Nevertheless, a significant cyclical trend change has taken place. This price action has fundamental events supporting it, including political change in Japan as well as commitments to infrastructure and defense. This is combined with central bank motivation to weaken the yen.

A Look at Volatility

We can look at FXY options to get a feel for the perception of risk in the market:

fxy-implied-volatility

The chart above (courtesy of LiveVol) is the comparison between the implied volatility and the historical volatility in FXY.

Even though volatility has continued to decline in the stock, the implied volatility has stayed fairly elevated. Why is this?

Most likely, it is because the volatility has been all in one direction, so puts have continued to be bought in the face of this move lower in the yen.
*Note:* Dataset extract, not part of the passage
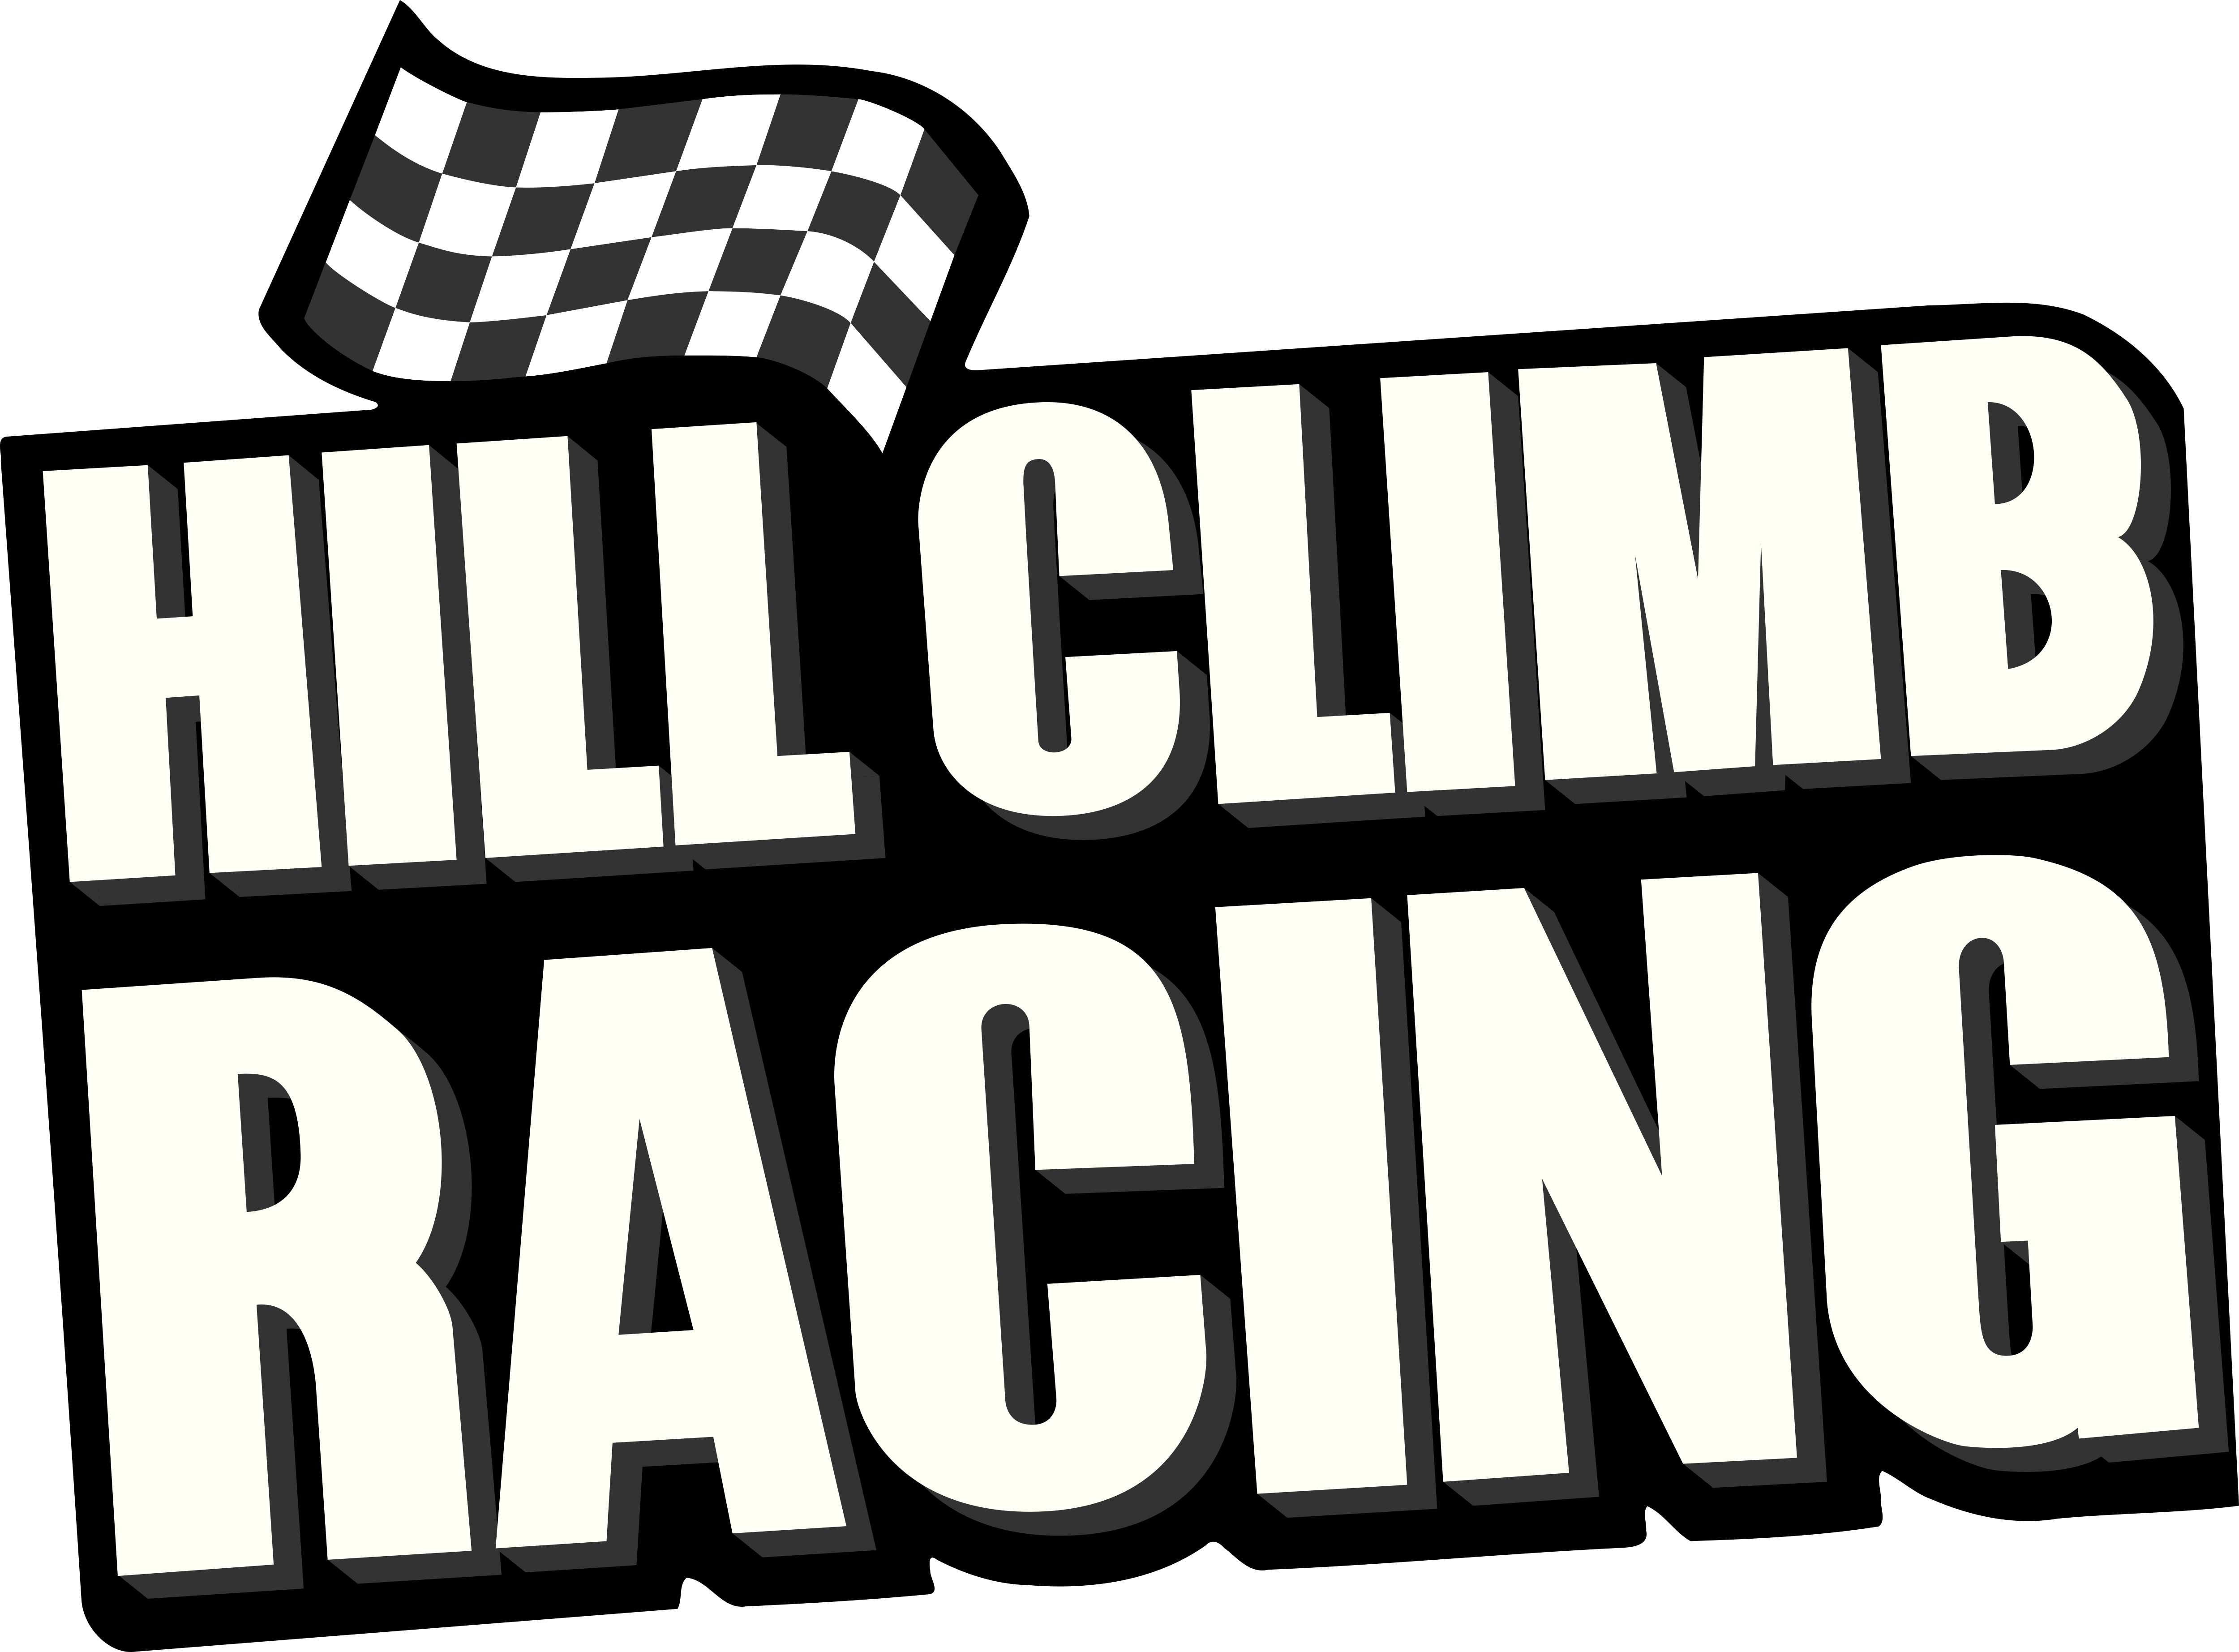 Hill climb racing car. Hill Climb Racing. Hill Climb Racing логотип. Игра Hill Climb Racing 1. Хилклаймб рейсинг.

A Trend Continuation Trade

Because volatility is still elevated, it would make sense to sell puts. But that doesn't mean we have to end up net long FXY-- instead we can use a covered short as a way to follow the trend and sell volatility.

A covered short is a combination of short stock and short puts.

As an example trade consider this:

Sell -100 Shares FXY at 114

Sell -1 March 114 put for 1.95

This trade would put your short basis around 116 and the maximum gain you can receive is 195.

fxy-risk

Keep in mind that this trade is already stretched and may require some reversion, so averaging into the trade would be good risk management.

The goal here is to use the option sale to help finance your short sale and raise the basis, thereby reducing your risk.

If FXY runs higher, you can then take the short put off for a profit and end up straight up short FXY, or you could roll the  put to a higher strike to continue to reduce your risk.

Other Combinations

To reduce margin considerations, consider using spot forex (USD/JPY) or currency futures (6J) to put on the short trade-- this will reduce the overall cash required for the trade.